Department of Computer Science and Engineering, and The Pennsylvania State University, University Park, Pennsylvania, USA.
Department of Biology, The Pennsylvania State University, University Park, Pennsylvania, USA.
J Comput Biol. 2022 Feb;29(2):155-168. doi: 10.1089/cmb.2021.0431. Epub 2022 Feb 1.

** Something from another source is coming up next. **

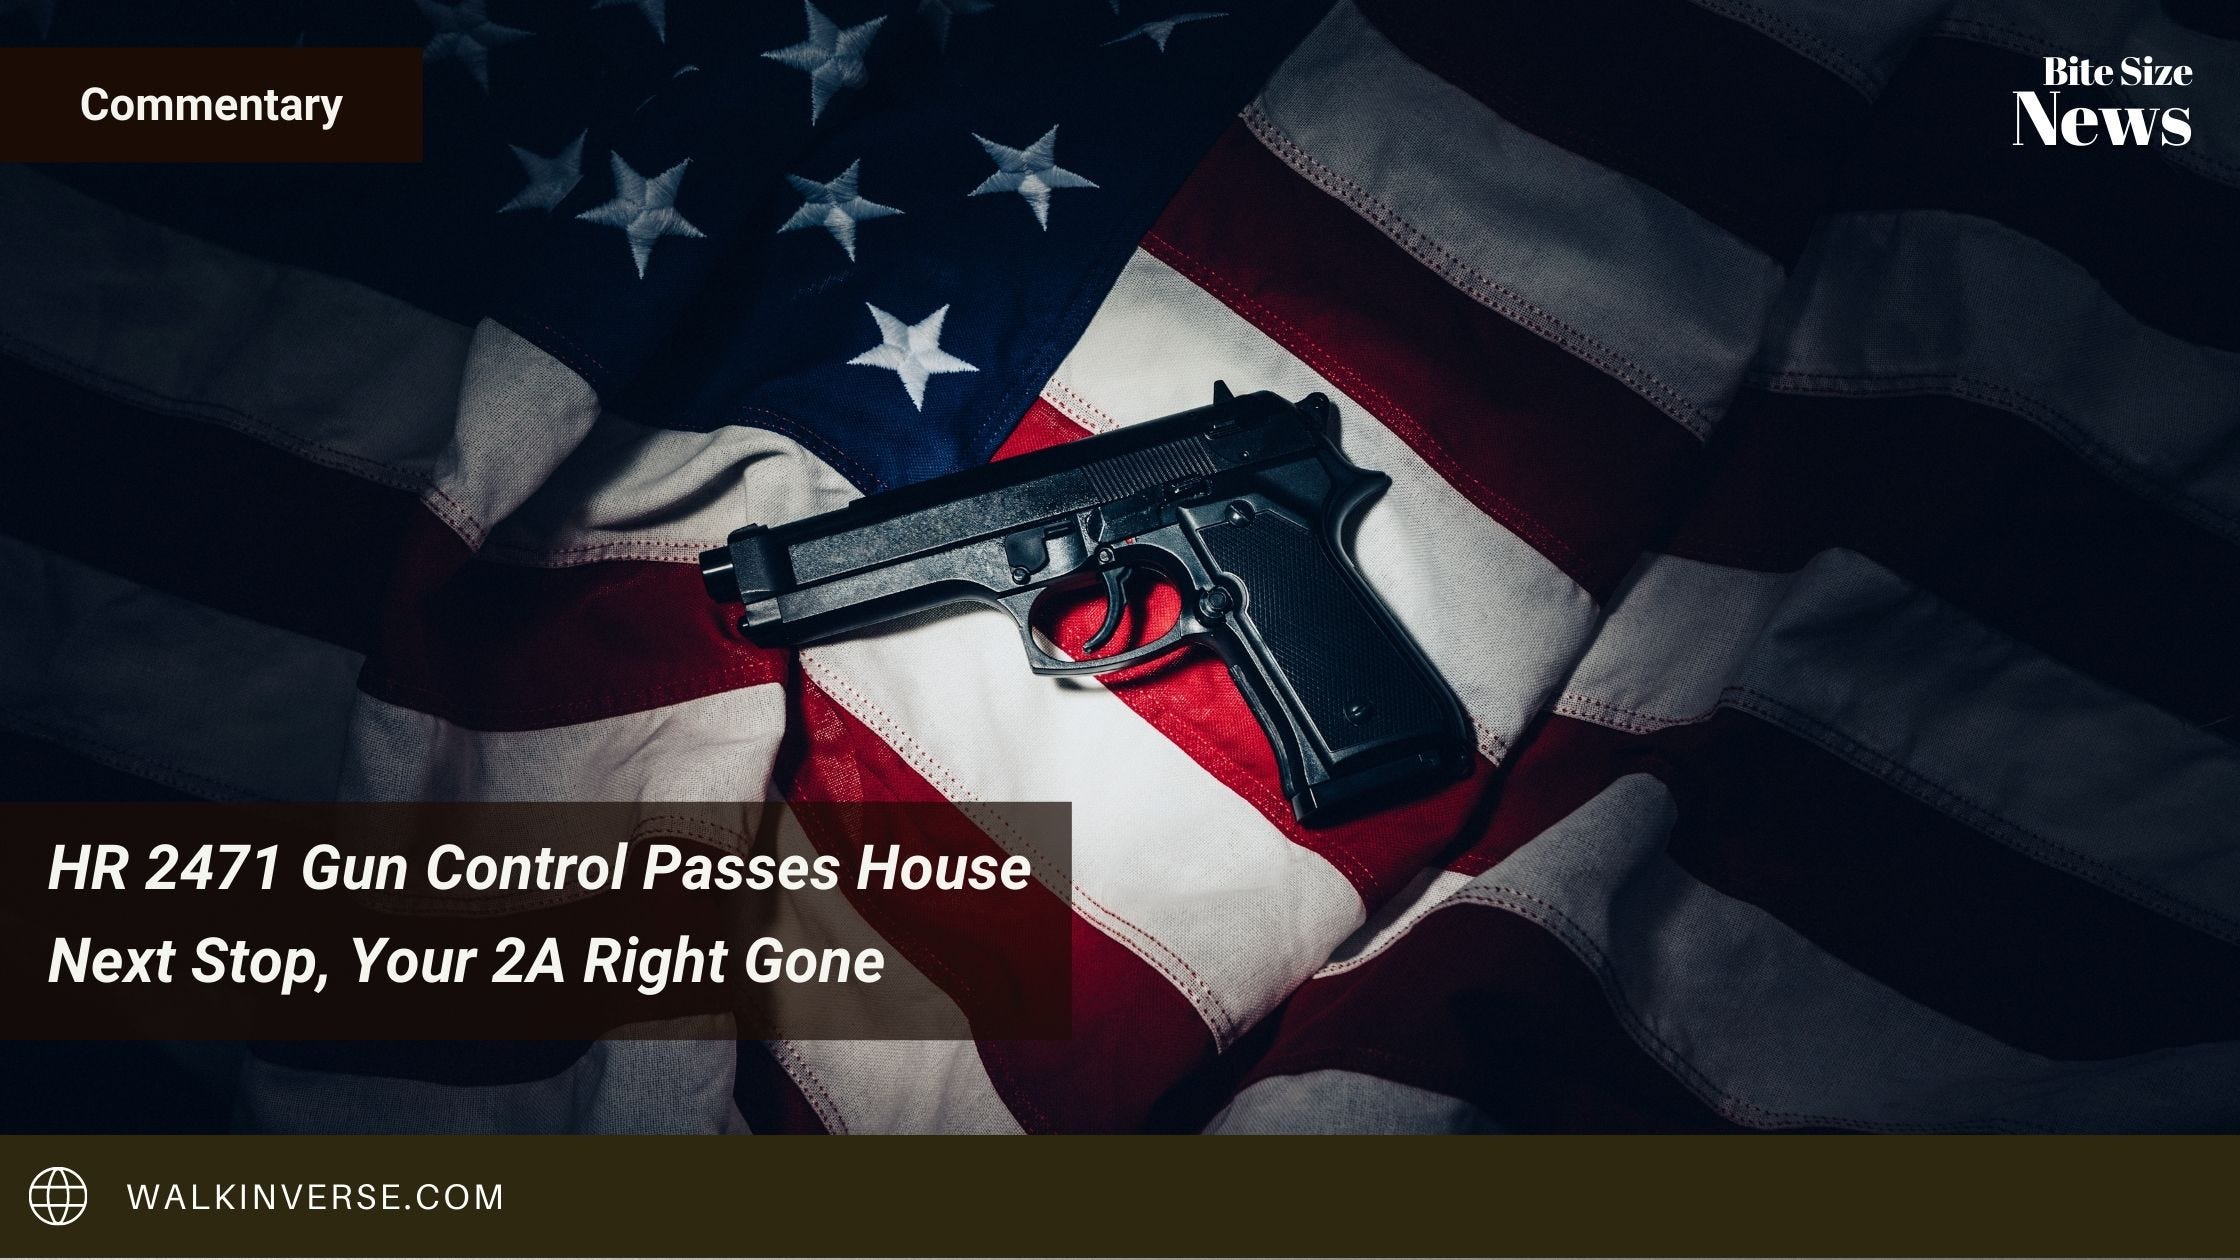 HR 2471 Gun Control Passes House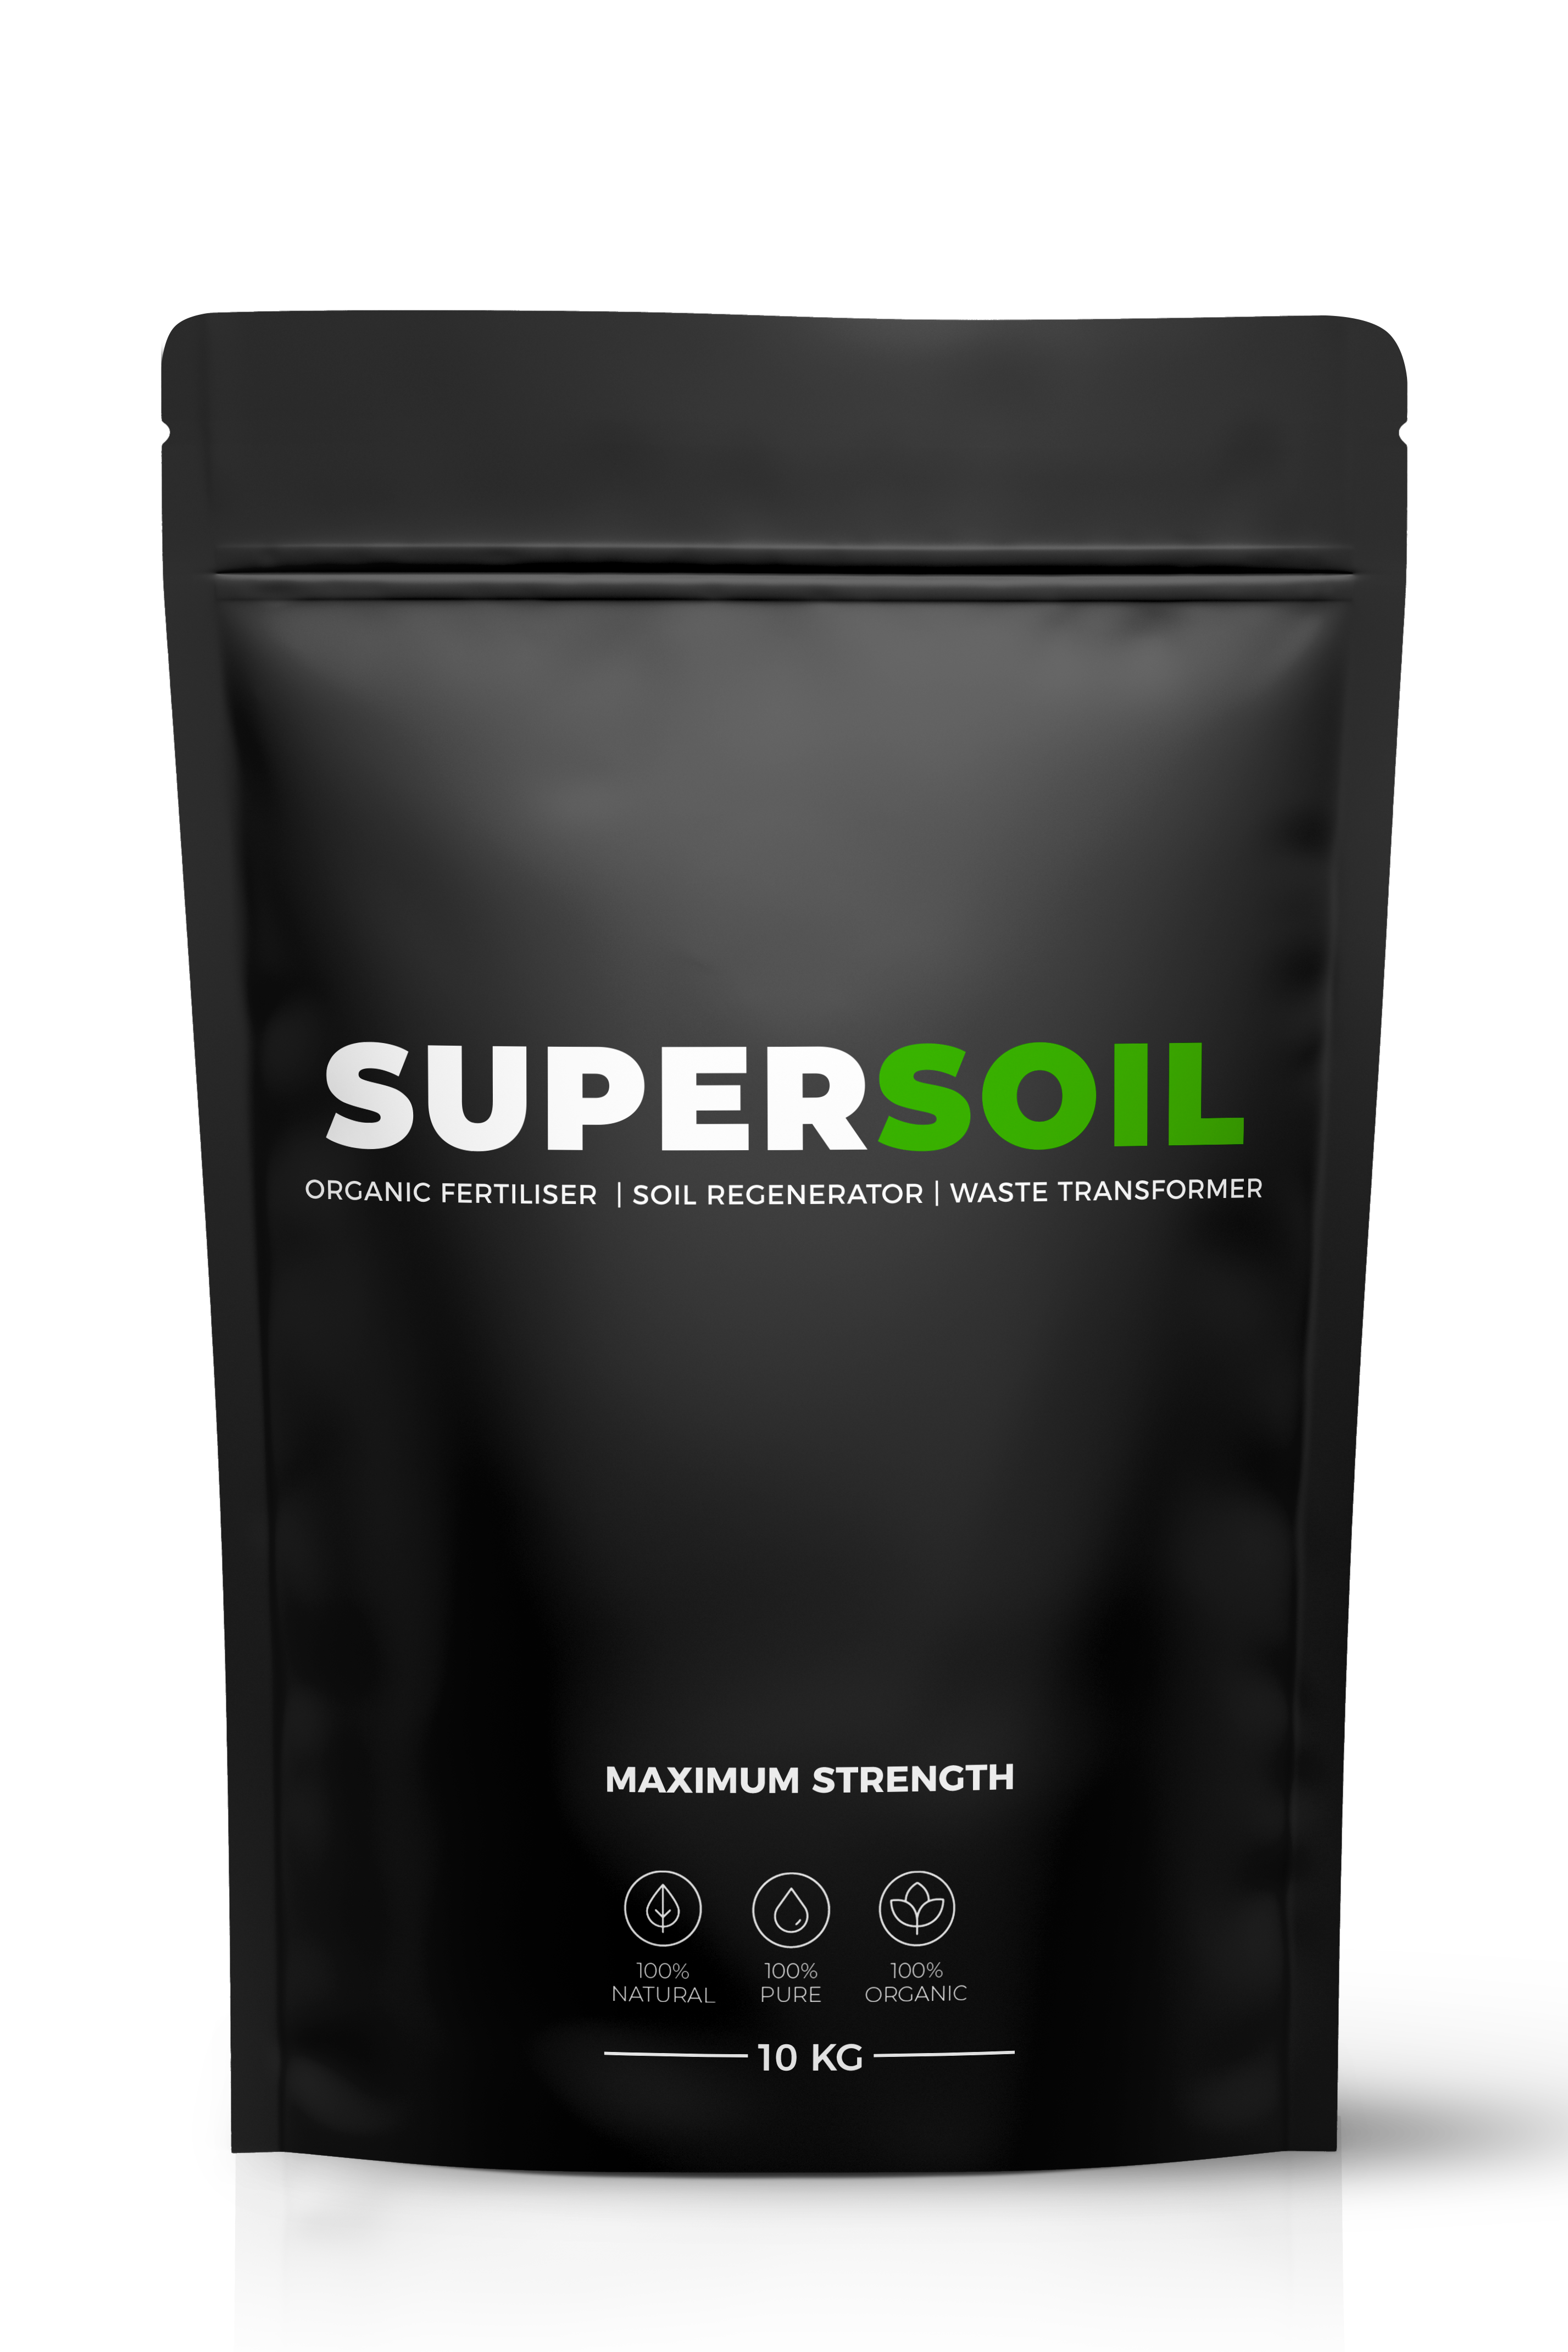 Supersoil Max Strength 10KG - Black Friday

-mer-based methods are widely used in bioinformatics, but there are many gaps in our understanding of their statistical properties. Here, we consider the simple model where a sequence (e.g., a genome or a read) undergoes a simple mutation process through which each nucleotide is mutated independently with some probability , under the assumption that there are no spurious -mer matches. How does this process affect the -mers of ? We derive the expectation and variance of the number of mutated -mers and of the number of islands (a maximal interval of mutated -mers) and oceans (a maximal interval of nonmutated -mers). We then derive hypothesis tests and confidence intervals (CIs) for given an observed number of mutated -mers, or, alternatively, given the Jaccard similarity (with or without MinHash). We demonstrate the usefulness of our results using a few select applications: obtaining a CI to supplement the Mash distance point estimate, filtering out reads during alignment by Minimap2, and rating long-read alignments to a de Bruijn graph by Jabba.
基于 -mer 的方法在生物信息学中被广泛应用,但我们对它们的统计特性的理解还存在许多空白。在这里,我们考虑一个简单的模型,其中一个序列(例如,一个基因组或一个读取)通过一个简单的突变过程发生突变,在这个过程中,每个核苷酸都以某个概率独立发生突变,假设没有虚假的 -mer 匹配。这个过程会如何影响 -mers 的数量?我们推导出了突变 -mers 的数量和岛屿(突变 -mers 的最大区间)和海洋(非突变 -mers 的最大区间)数量的期望和方差。然后,我们为给定观察到的突变 -mers 数量或给定 Jaccard 相似性(带或不带 MinHash)推导了假设检验和置信区间 (CI)。我们使用几个精选的应用程序展示了我们的结果的有用性:获得补充 Mash 距离点估计的置信区间,通过 Minimap2 在对齐过程中过滤读取,以及通过 Jabba 对 de Bruijn 图的长读取对齐进行评分。